Ева Соломоновна почтительно подняла глаза на портрет бывшего хозяина дома, водруженный на крышку пианино: ровно посередине, между погонами с полковничьими звездами, на тоненькой шее восседала огромная абсолютно лысая голова, зажатая с двух сторон мясистыми ушами. При близком рассмотрении уши казались войлочными – сверху они были покрыты тончайшим пухом. На голове имелись нос, полные губы и очки с толстыми стеклами, за которыми угадывались полуприкрытые глаза.
– Ну почему же в Сеню? – не согласилась Главная Подруга Семьи Самохваловых. – Губы вот, например, совсем не его.
– Губы не его. Губы мои: не нарисуешь – не увидишь.
– И глаза не Сенины…
– Сенины! Такие же бесцветные и выпуклые.
– Ну где же?
– Точно я тебе говорю!
– А очки? – стояла на своем Ева Соломоновна.

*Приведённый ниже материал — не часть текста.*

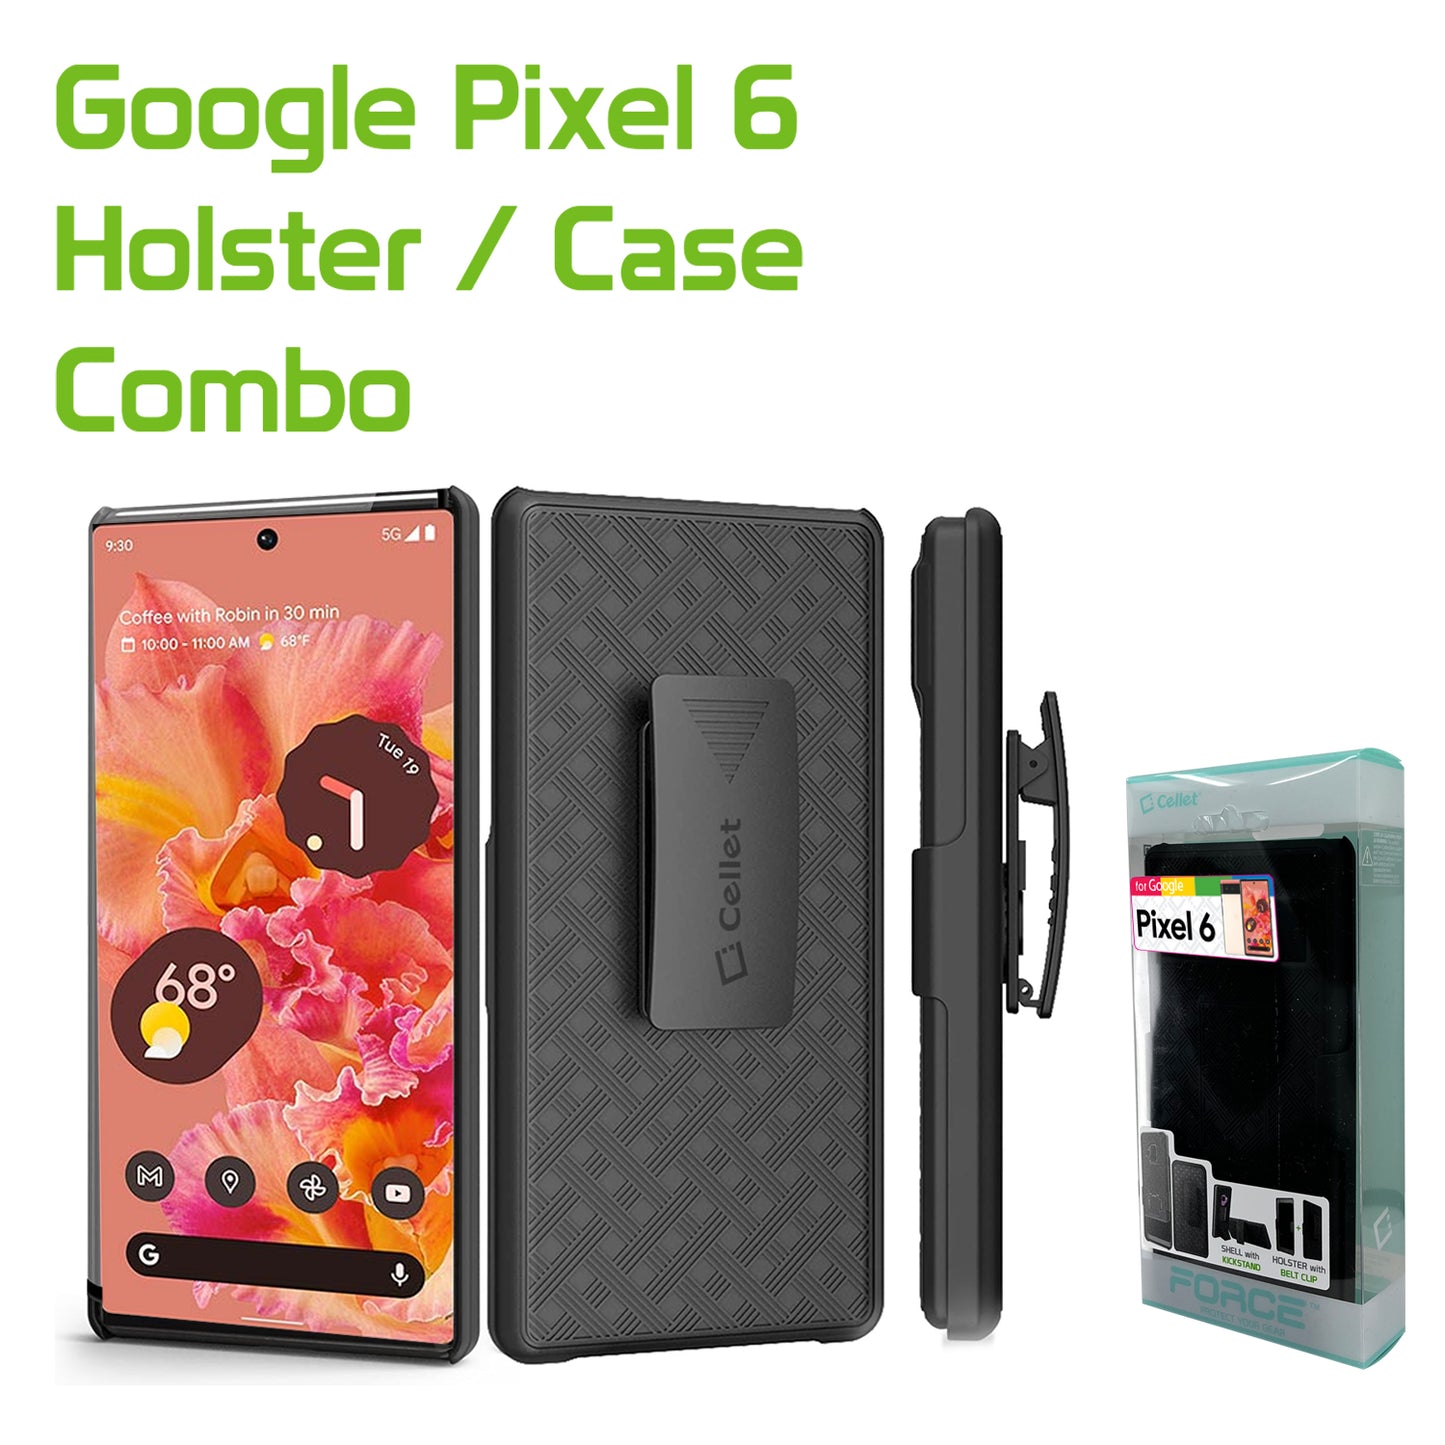 Pixel 6 Holster, Shell Holster Kickstand Case with Spring Belt Clip for Google Pixel 6 – Black – by Cellet
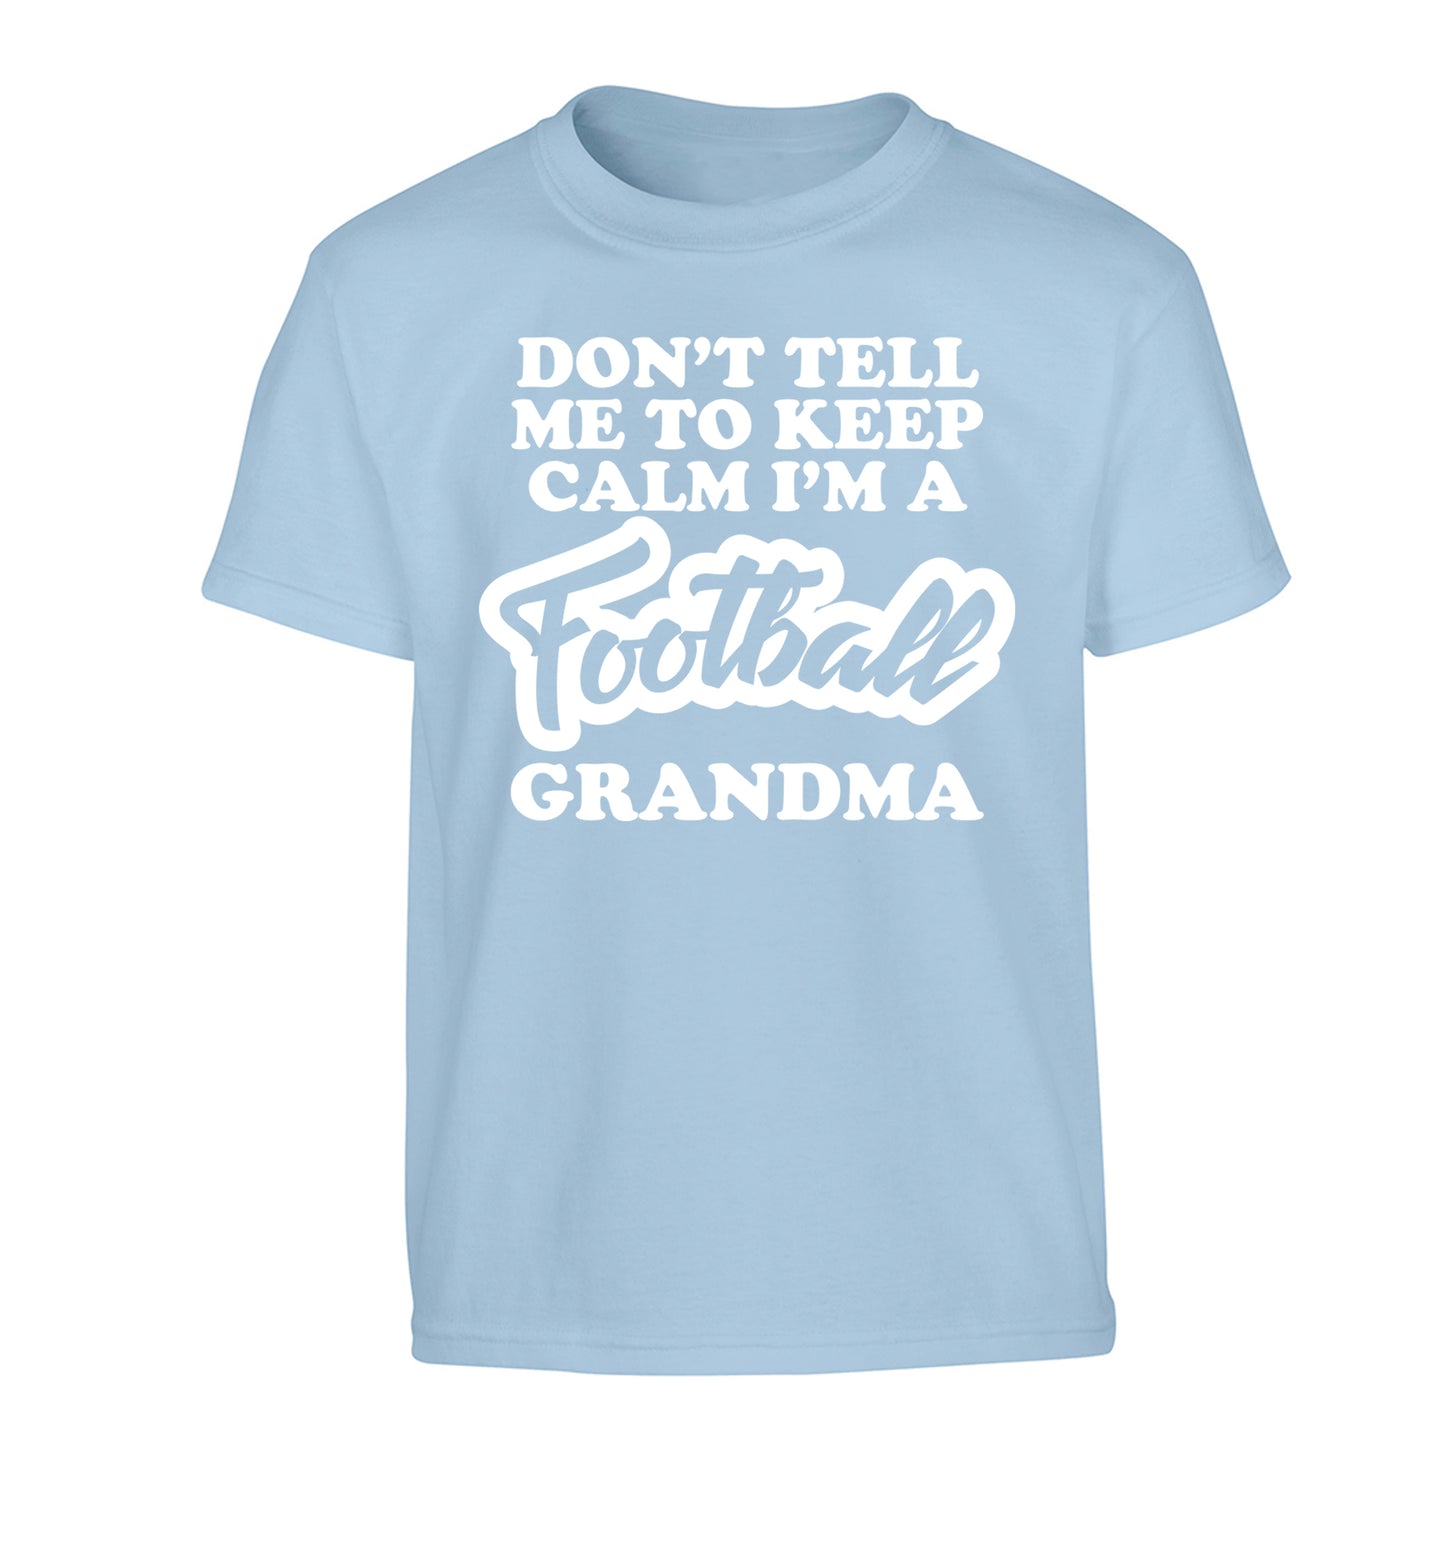 Don't tell me to keep calm I'm a football grandma Children's light blue Tshirt 12-14 Years

– А что очки? Все уродство ей свое передал. И очки!
– Так нету же!
– Как же нету?! При тебе не надевает – стесняется.
– Ты не говорила, – растерялась Главная Подруга.
– А чего говорить-то?! Чего говорить? Все передал. Все! Грех обижаться на покойника, а на него я обижена. Ничего после себя не оставил!
– Как же не оставил! – задохнулась Ева Соломоновна. – А Котька?!
– Разве только Котька, – продолжала сердиться Самохвалова, словно запамятовав, что, кроме Котьки, Сеня еще оставил ей сына, квартиру, полковничью пенсию до истечения Катькиных восемнадцати лет, а также доброжелательное отношение офицеров училища связи в городе N.
Ева, обнаружившая, что дверь в «детскую» все это время оставалась приоткрытой, почувствовала себя виноватой и в очередной раз попыталась спасти положение:
– Нет, Тоня, – строго произнесла она. – Ты не права. Нельзя быть такой неблагодарной.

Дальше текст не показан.